Еще перед 1 июня 1567 г. в Петрков прибыло посольство литовских панов во главе со жмудским епископом и луцким номинатом Виктором Вежбицким, а также литовским подканцлером Остафием Воловичем132. Однако они, вероятнее всего, не затронули вопроса об унии и просили единственно о помощи в войне с Москвой133. На этот раз литовским панам была обещана помощь не деньгами, а только людьми134.

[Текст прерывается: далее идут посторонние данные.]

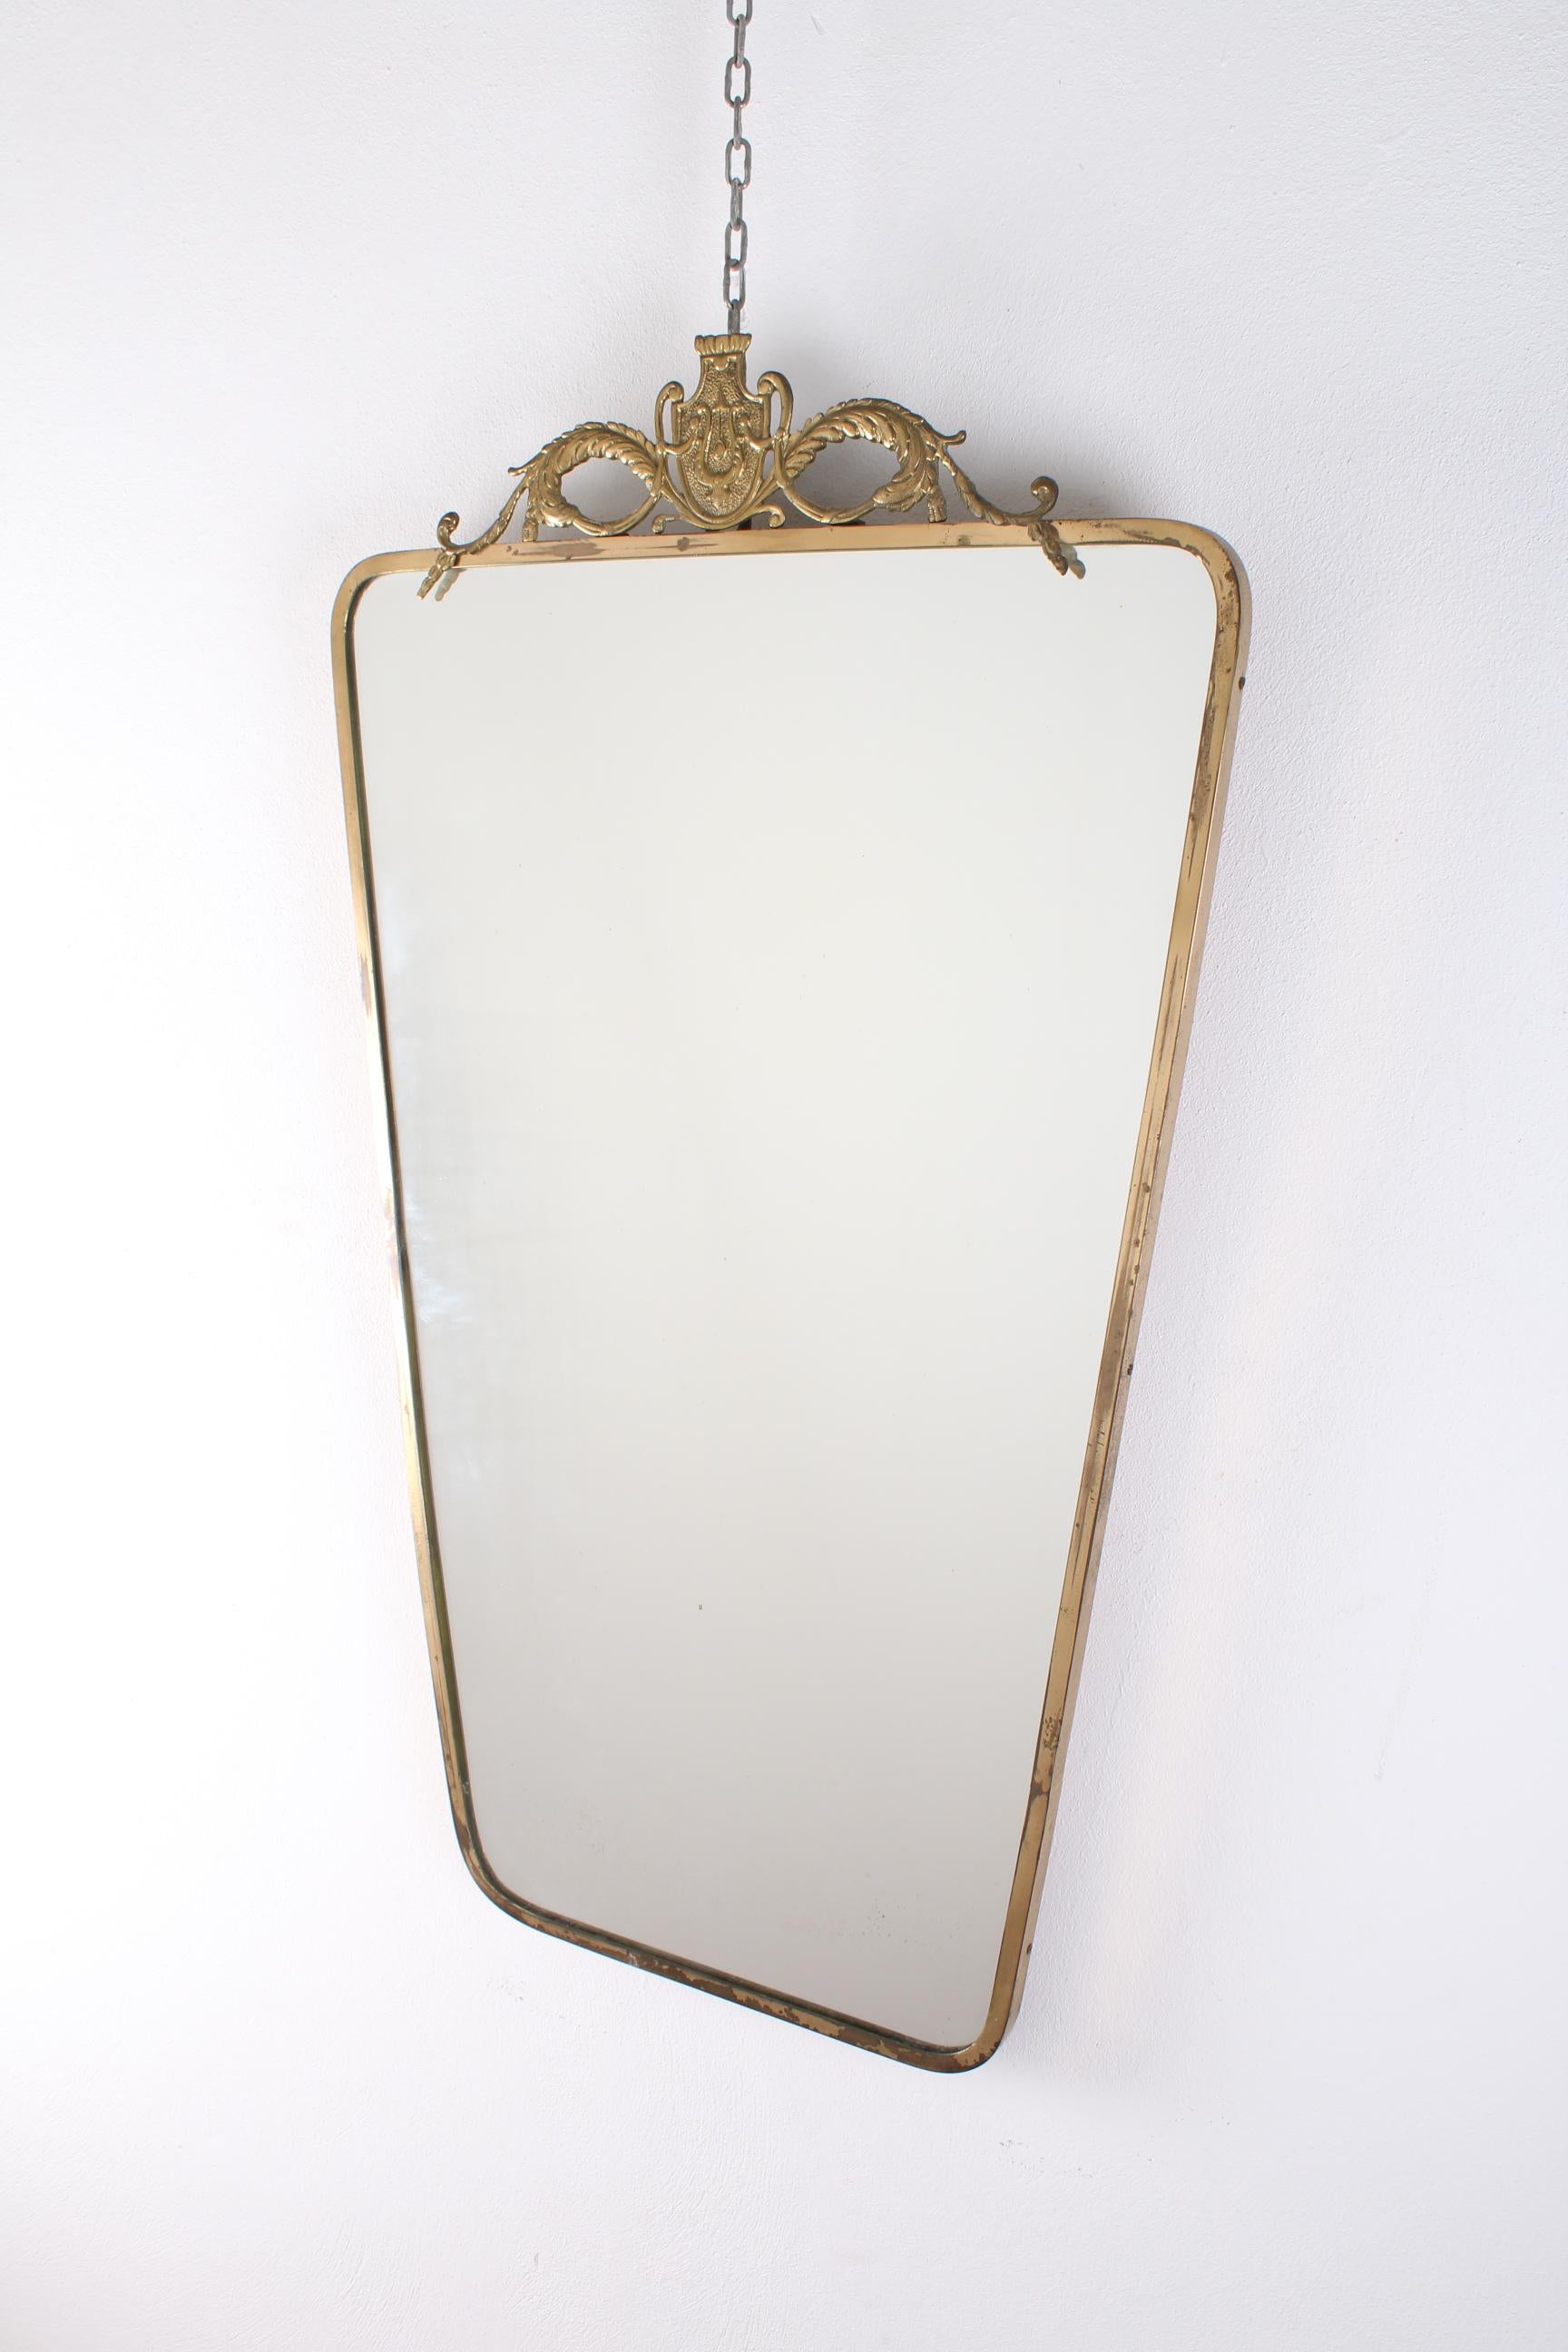 Art Deco Italian brass frame with a coat of arms. Wall mirror Pier Luigi Colli style.
Wear consistent with age and use.

Несмотря на это так называемый радошковицкий поход на рубеже 1567—1568 гг., в котором принимали участие многочисленные роты польской конницы под командованием хелмского каштеляна Станислава Замойского, закончился неудачей135. Складывается впечатление, что именно она окончательно развеяла надежды литвинов, имевшие своим основанием победы 1564 г. над Улой и под Оршей, что существует реальный шанс противостоять Москве без польской помощи. Бездействие в течение нескольких недель и военная слабость литовских сил наряду с перемещеним и пребыванием в нескольких лагерях (кроме Радошковиц, также под Молодечно и Марковом, а также Лебедевом) привели к перерождению этого собрания земской службы в несколько десятков тысяч человек в лагерный сейм136, подобный тому, что имел место под Витебском в 1562 г. Литовская шляхта вновь выдвинула идею организации общего польско-литовского сейма137. В ответ поляки направили к литвинам очередное посольство, принятое королем и литовскими панами в лагере под Молодечно 25 октября 1567 г. Отправленный туда с петрковского сейма коронный подканцлер Петр Мышковский предложил литвинам заключение унии на основе прежних договоров и пригласил их на общий сейм138, взамен обещая польскую военную помощь в дальнейшей войне Литвы с Иваном IV. Марек Ференц заметил, что только в этот момент произошло изменение отношения Радзивилла «Рыжего» к унии. Речь, однако, не шла о его согласии на нее, а скорее на возобновление двусторонних переговоров139.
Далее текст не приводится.